Contemporary Classical

The Proms: Volans, Larcher, Dutilleux, and Stravinsky

On August 22, the BBC Symphony Orchestra and Barry Douglas, conducted by Thomas Dausgaard, presented the first performance of Kevin Volans’s Piano Concerto No. 3, which was a BBC Commission. Volans is quite proud of his method of composition, which he refers to as ‘anti-conceptual.’ What he means by this is that he does not think about what a piece will do until he starts it, and every day he starts at the point he stopped the day before, without reordering anything; he doesn’t say whether or not he revises. One assumes not. This is a little like a practice of Virgil Thomson’s, which he referred to as ‘the discipline of spontaneity;’ Thomson, I think, mainly did it in his portraits, which were two- or three-minute-long pieces done in one sitting (and sometime revised later). In Volans case it’s probably more like an extreme reaction against what is often called ‘pre-composition,’ and therefore, a lot of modernists practices (and probably a lot of stuff done by minimalists who do process music as well), and, for me, anyway, it doesn’t work so well in a piece that’s twenty minutes long.
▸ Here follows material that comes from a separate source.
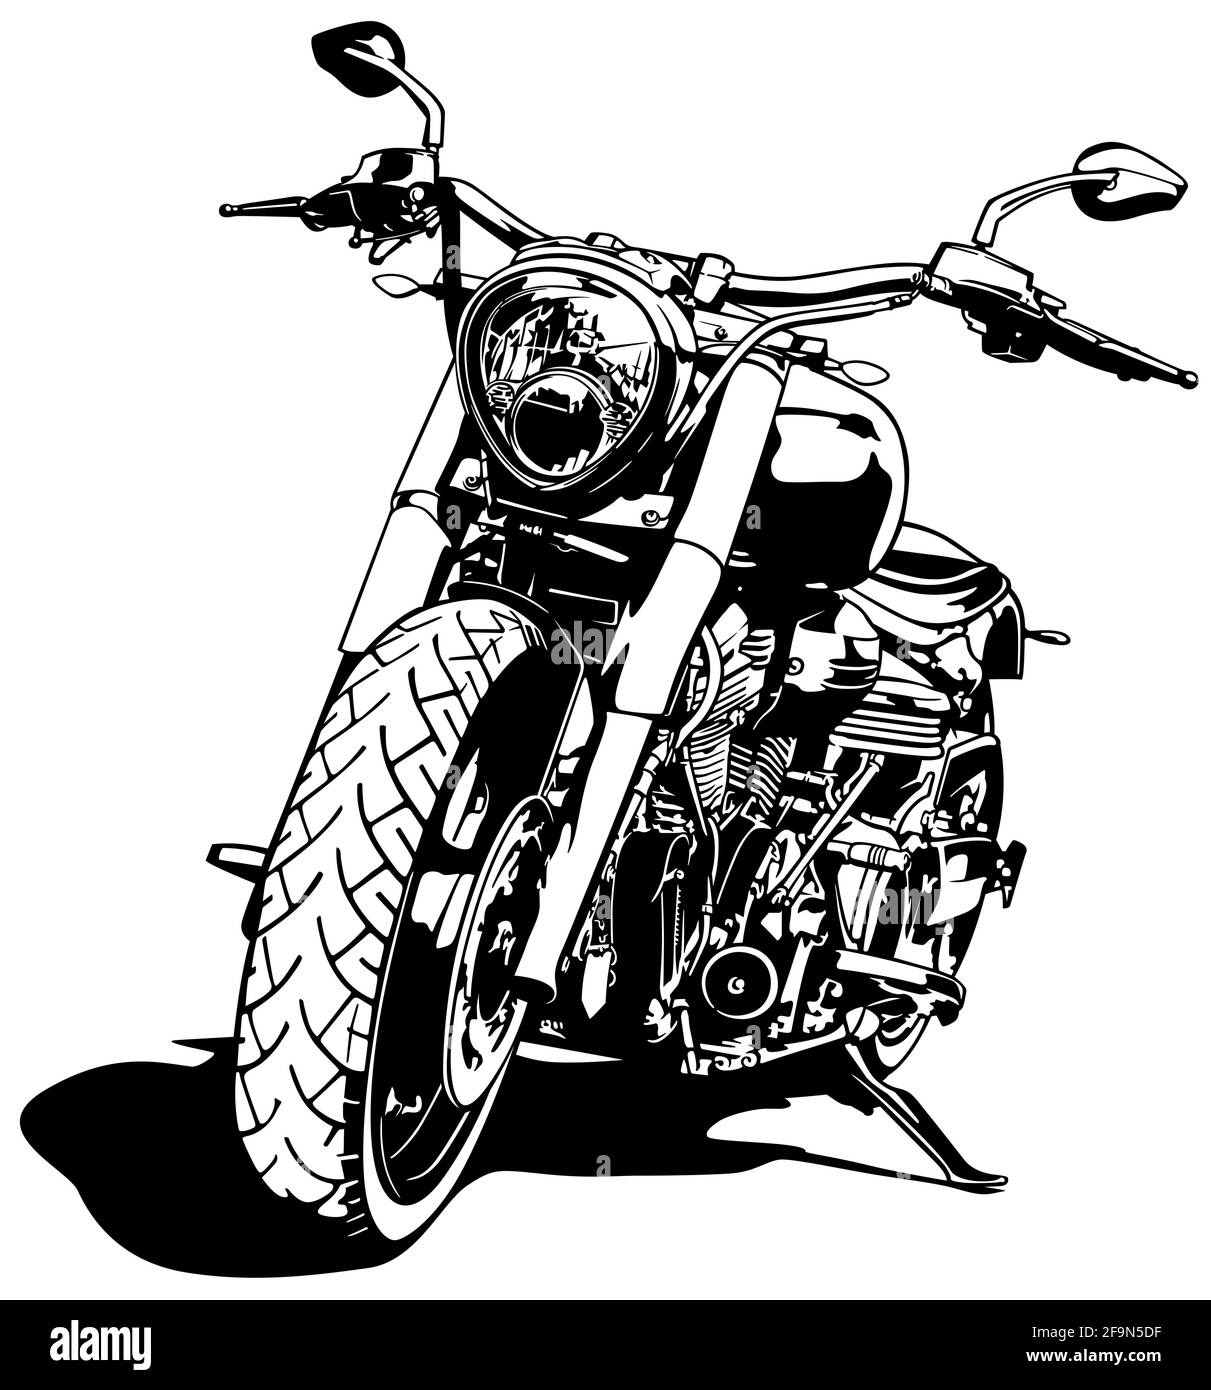 Schwarz und Weiß Motorrad Zeichnung Stock-Vektorgrafik - Alamy
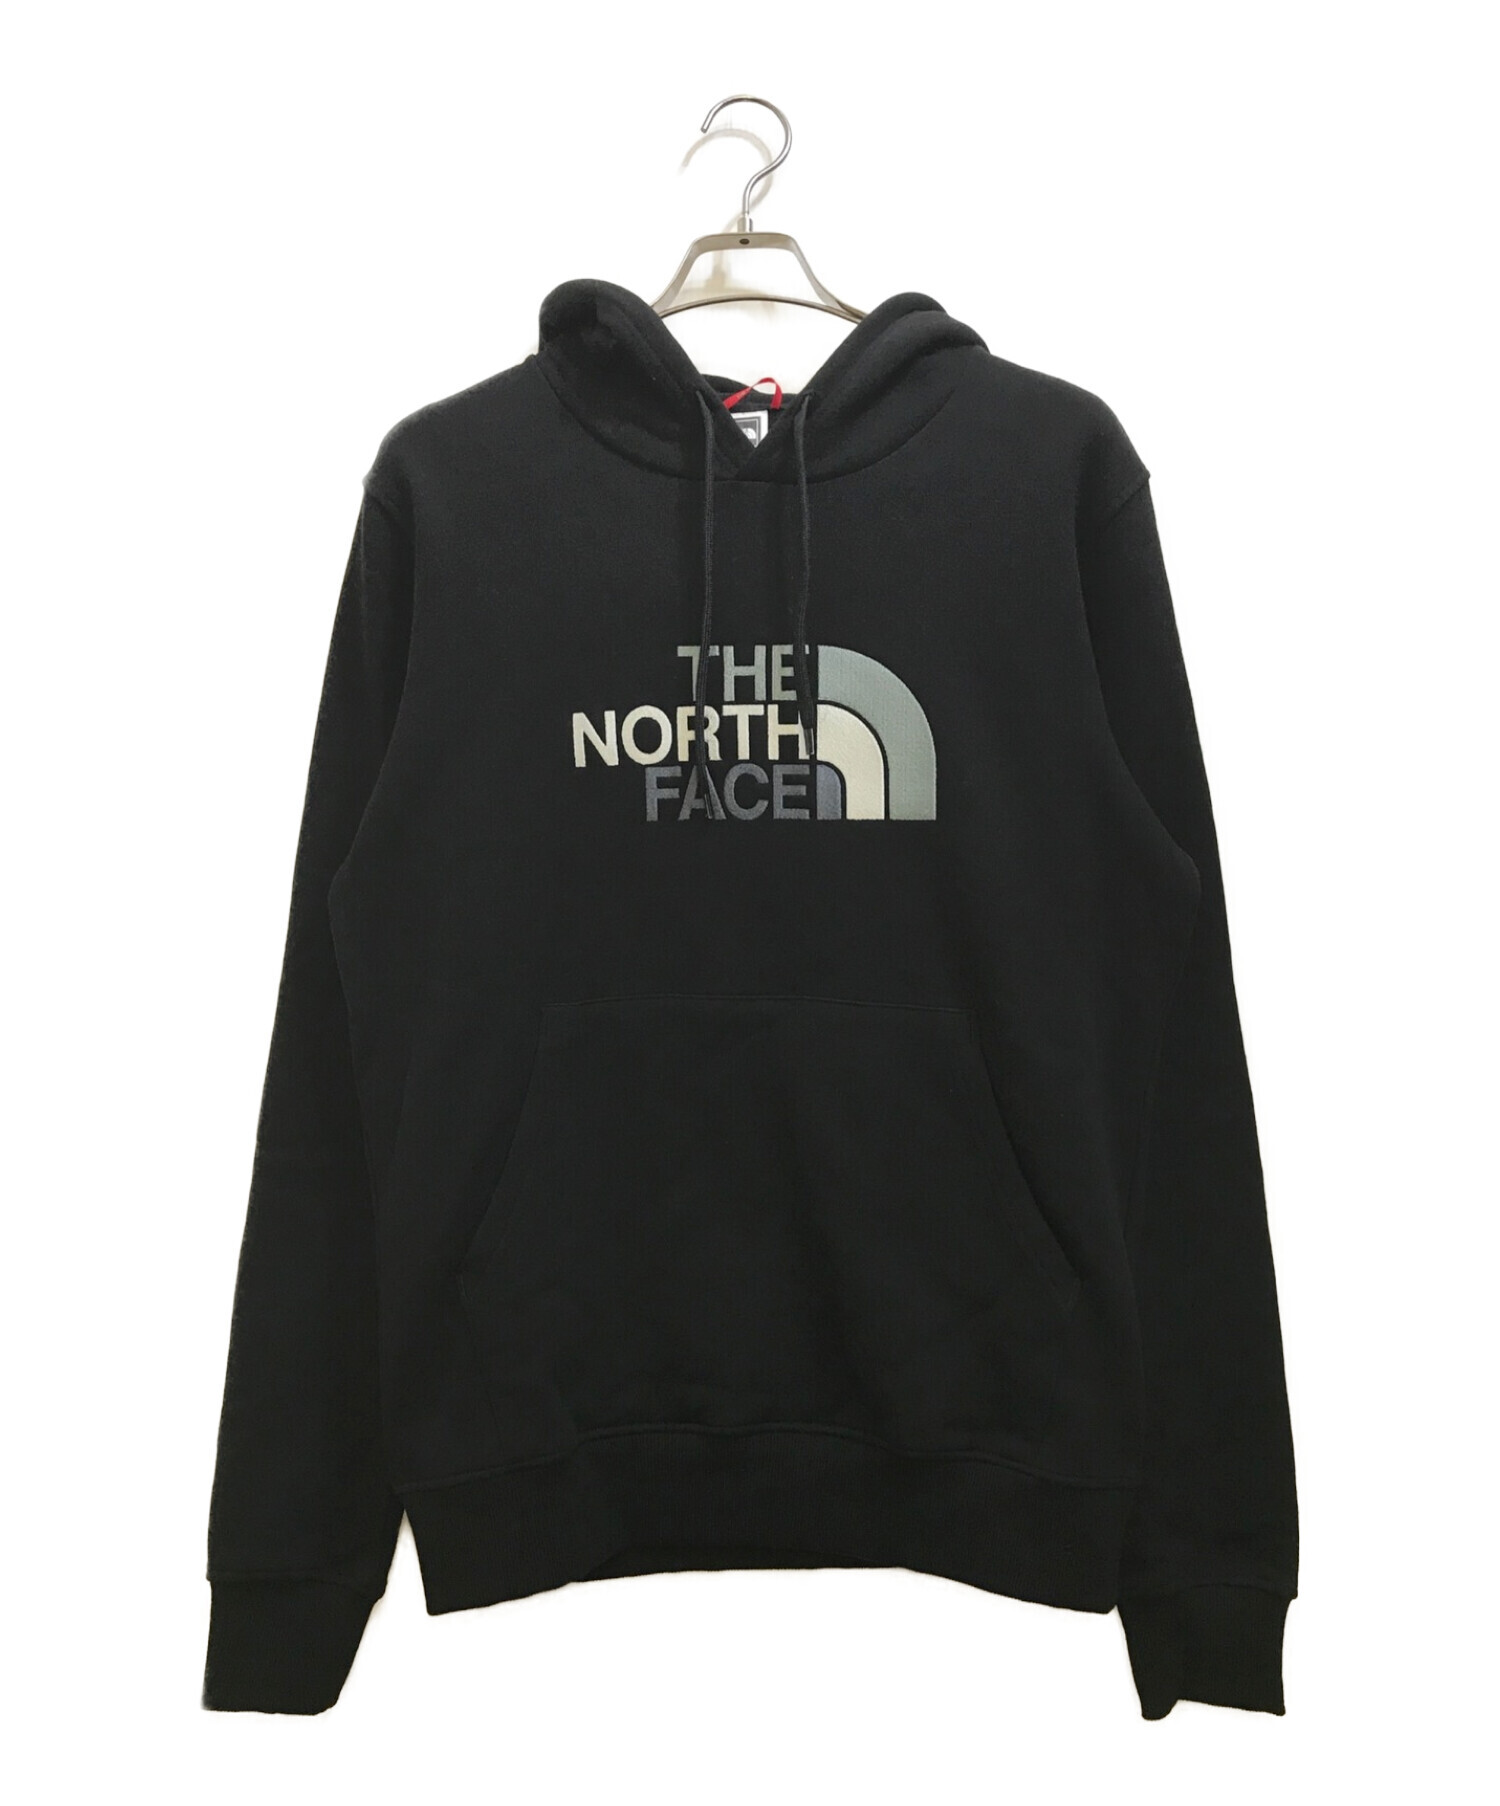 THE NORTH FACE (ザ ノース フェイス) ロゴ刺繍スウェットパーカー ブラック サイズ:Ｍ

In the case of this piece, one is left with a feeling of a sort of flat and haphazard continuity which could be described in the words of one of the characters in The History Boys by Alan Bennet, who says that history is ‘just one fucking thing after another.’ In fact the sound of the piece is polished and attractive and arresting, full of nice, and, mostly, interesting music; it just goes on a little too long some of the time, and, no surprise, its progress seems sort of random and unconsidered. The performance was also polished, colorful, attractive, and arresting.

A few days earlier, August 18, Viktoria Mullova and Matthew Barley, joined by Christof Dienz, Luka Jukart, Martin Brandlmayr, Thomas Larcher, and the BBC Scottish Symphony Orchestra, conducted by Ilan Volkov gave the first performance of Larcher’s Concerto for Violin, ‘Cello, and Orchestra. The orchestra for the piece includes a concertino group of electric zither, accordion, percussion, and prepared piano which provides a good deal of instrumental color in the work, and the function of the orchestra seemed to be that of a sort of amplifier for the smaller group, taking up the music and expanding on it both in terms of material and of decibels. On top of this, the violin and ‘cello often spun longer singing lines and sometimes shorter more agitated ‘riffs’ which were largely arpeggios. These were repeatedly the same in term both of the shape and the range of the lines, and the sameness of the solo parts left a sense of frustrating lack of motion and progress and formal staticness which I think was not intended. There are two movements, the first more expansive and varied, tempo wise, at least, and the second shorter and more restrained, with the solo parts some what chorale like, and suggesting a more traditionally tonal language. The work was both intriguing and appealing, and at the same time, due to the sameness of the shape of the main lines, somewhat frustrating. The performance was lively, concentrated, and serious and had a heartfelt quality.

On August 23 Leonidas Kavkos and the London Symphony Orchestra, conducted by Valery Gergiev, performed L’arbe des songes by Henri Dutilleux, a violin concerto which was written in 1980 for Isaac Stern. The work is in four movements, but there are also three interludes after the first three movements, all of them played without a break. The beginnings of the interludes are marked by a sort of gamelan-like music which Dutilleux referred to as ‘tinkling’ bells, played by tubular bells, vibraphone, piano/celesta, harp, and crotales. Perhaps the most striking parts are the first movement which features long singing lines in the violin, the third movement, in which the violin is joined in a lyric duet by the oboe d’amore, and the third interlude which is a free sort of tuning up episode in the orchestra. The whole work is very singing, atmospheric, and full of beautiful instrumental textures and colors. It seemed to me to be the best of the Dutilleux pieces that I’ve heard.

On the next night the Gustav Mahler Jugendorchester, conducted by Colin Davis, performed the Stravinsky Symphony in Three Movements. Probably the most important work of his early American years, the Symphony is one work which its composer, who otherwise was insistent that music was powerless to express anything at all, was eager to present as a depiction of war time tensions. He said that there were sections related to sequences in documentary films about scorched-earth tactics in the Sino-Japanese War and to newsreels and documentaries of goose-stepping soldiers, etc. It is certainly a muscular piece full of lots of rhythmic energy, harmonic propulsion, and a sort of cinematographic sweep. Little of this was realized in this performance, which was rhythmically slack and, in terms of its formal shaping, apparently completely clueless. Elliott Carter wrote of hearing Stravinsky play at gatherings of Boulanger’s students in Paris; he said that Stravinsky seemed to play every note with an intense rhythmic energy and intention, making each one a special ‘Stravinsky’ note. That was exactly the quality that was completely lacking here.